The following commands should be executed in configuration mode. It configures ISAKMP policy with priority 100 (the lower the better) which is send as the proposal to the peer. All parameters must match except lifetime.

You can define many policies with different priority. However these policies are not bound to any tunnel now. You bind these policies in the next step (where tunnel crypt-map is defined). Basically all the policies are sent to the peer which tries to match one of them with its own policy; the decision which policy is used is made be responding (not initiating) peer.

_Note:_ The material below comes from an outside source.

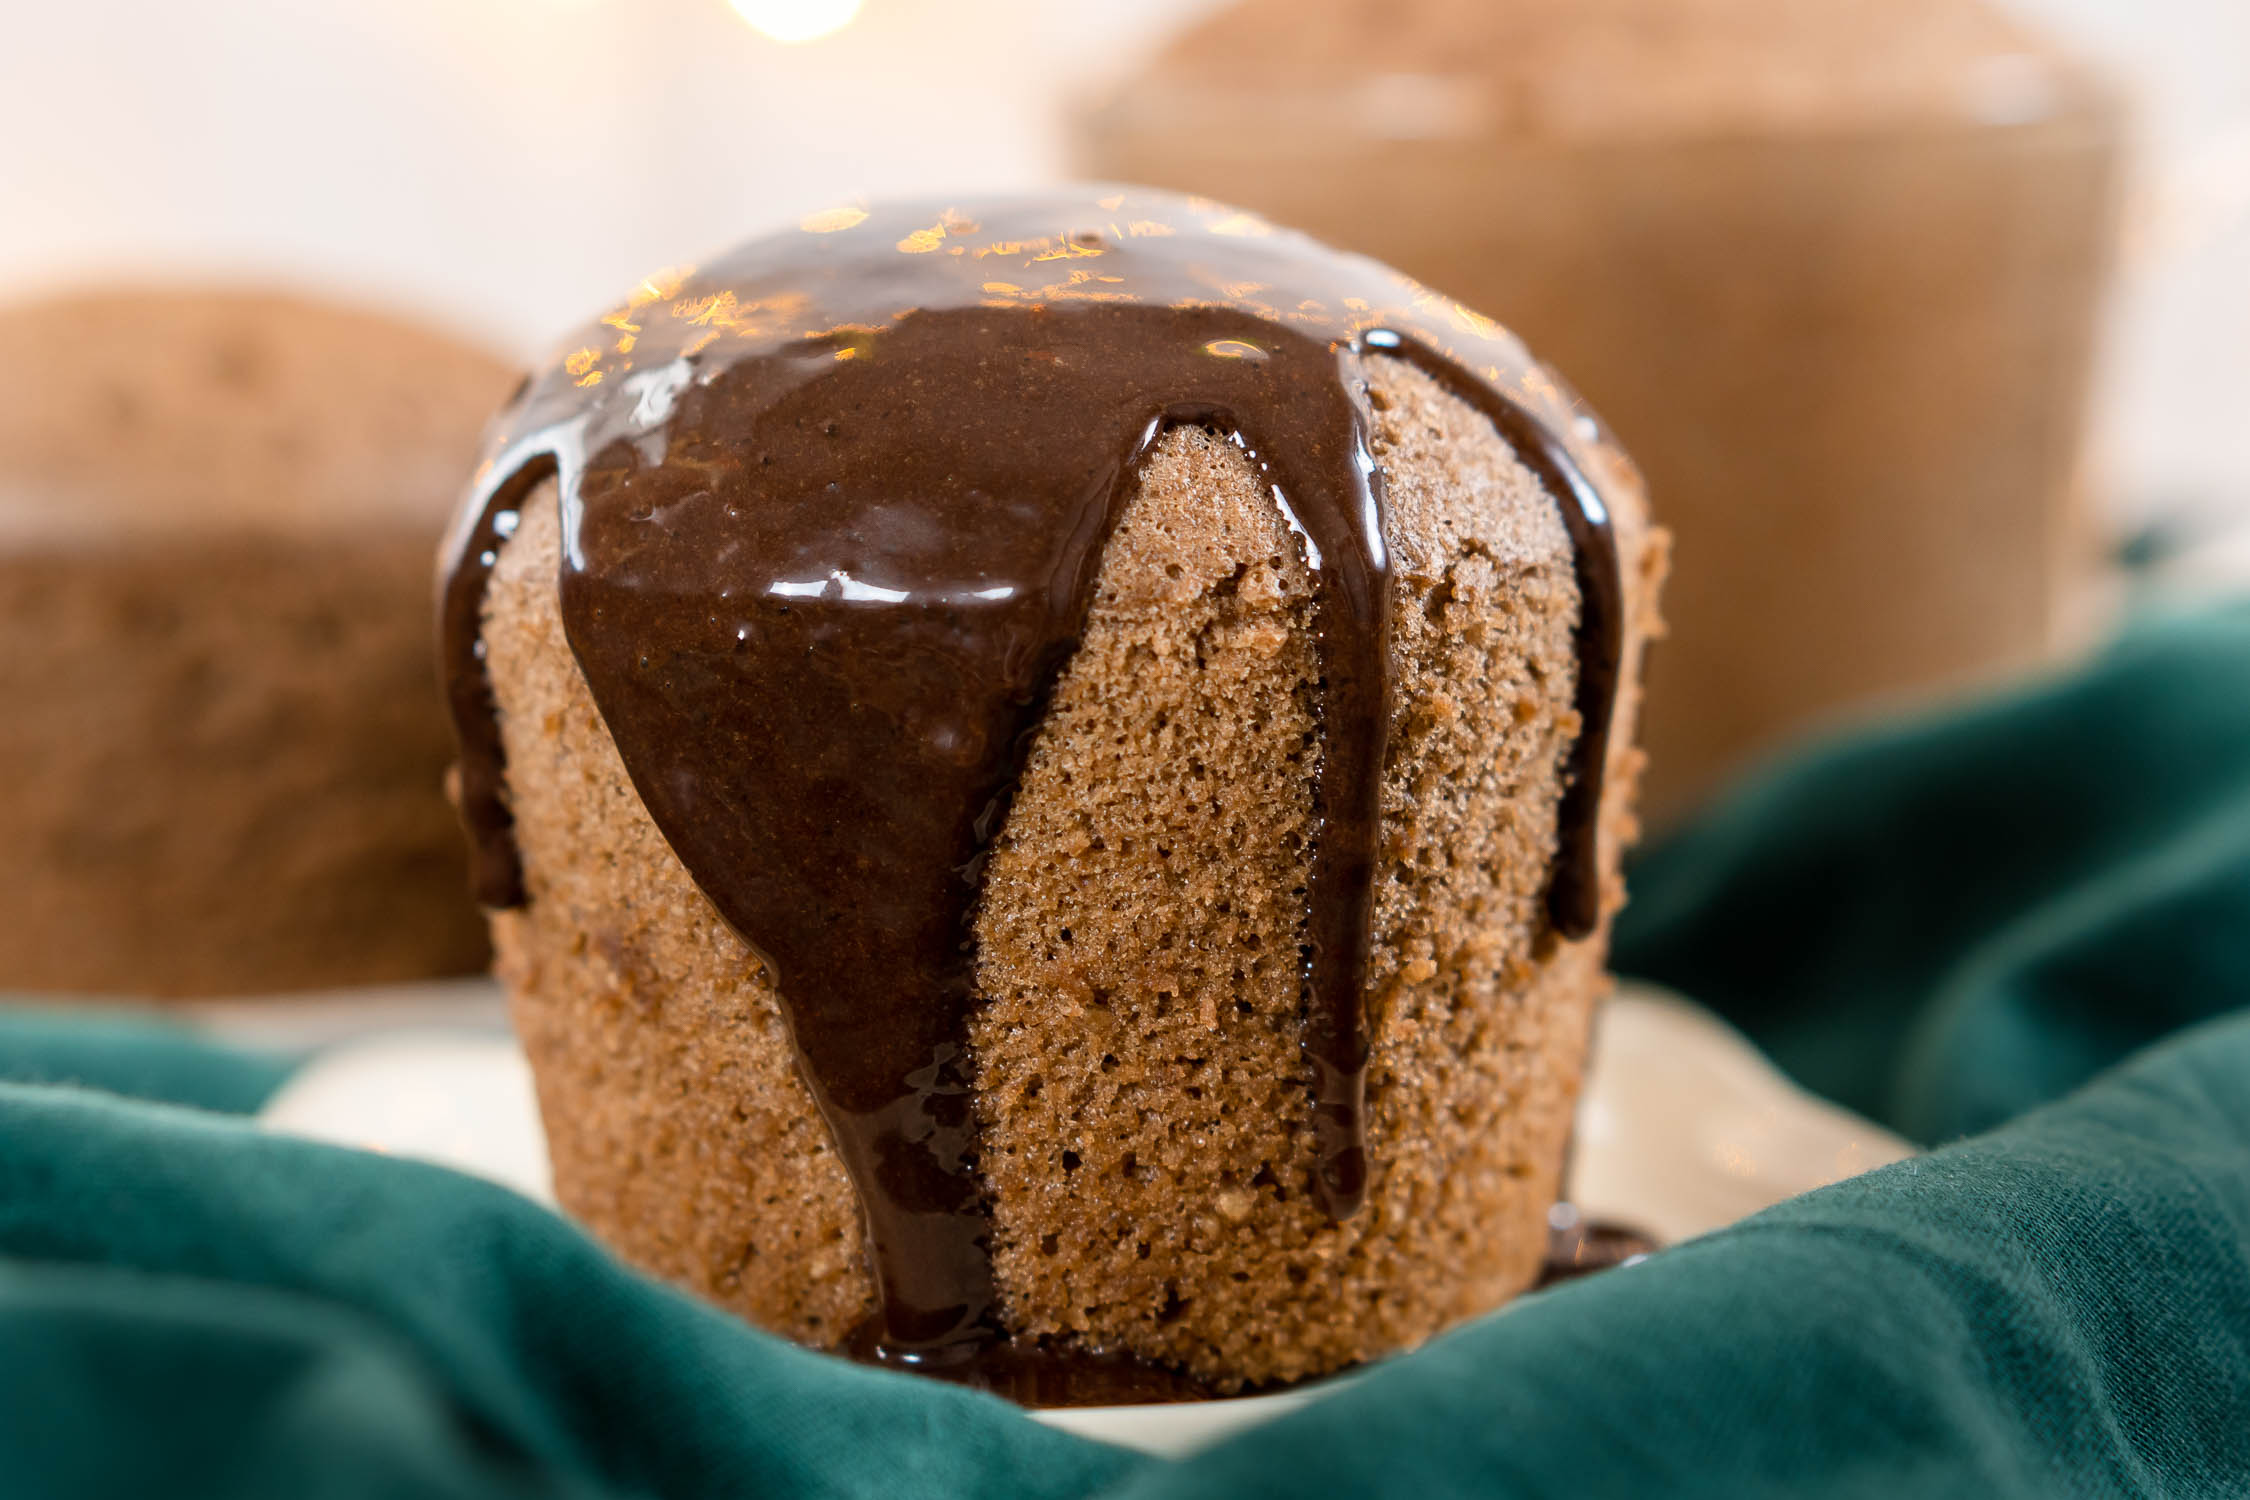 COCOA AND STRAWBERRY GLUTEN-FREE CAKE RECIPE

Note that if you don’t specify all the parameters the default values will be taken (the default values will be not shown in run config).

Router(config)#crypto isakmp policy 100
Router(config-isakmp)# encr aes
Router(config-isakmp)# hash sha256
Router(config-isakmp)# authentication pre-share
Router(config-isakmp)# group 5
Router(config-isakmp)# lifetime 86400

Configure shared secret key for each peer which uses PSK as authentication method.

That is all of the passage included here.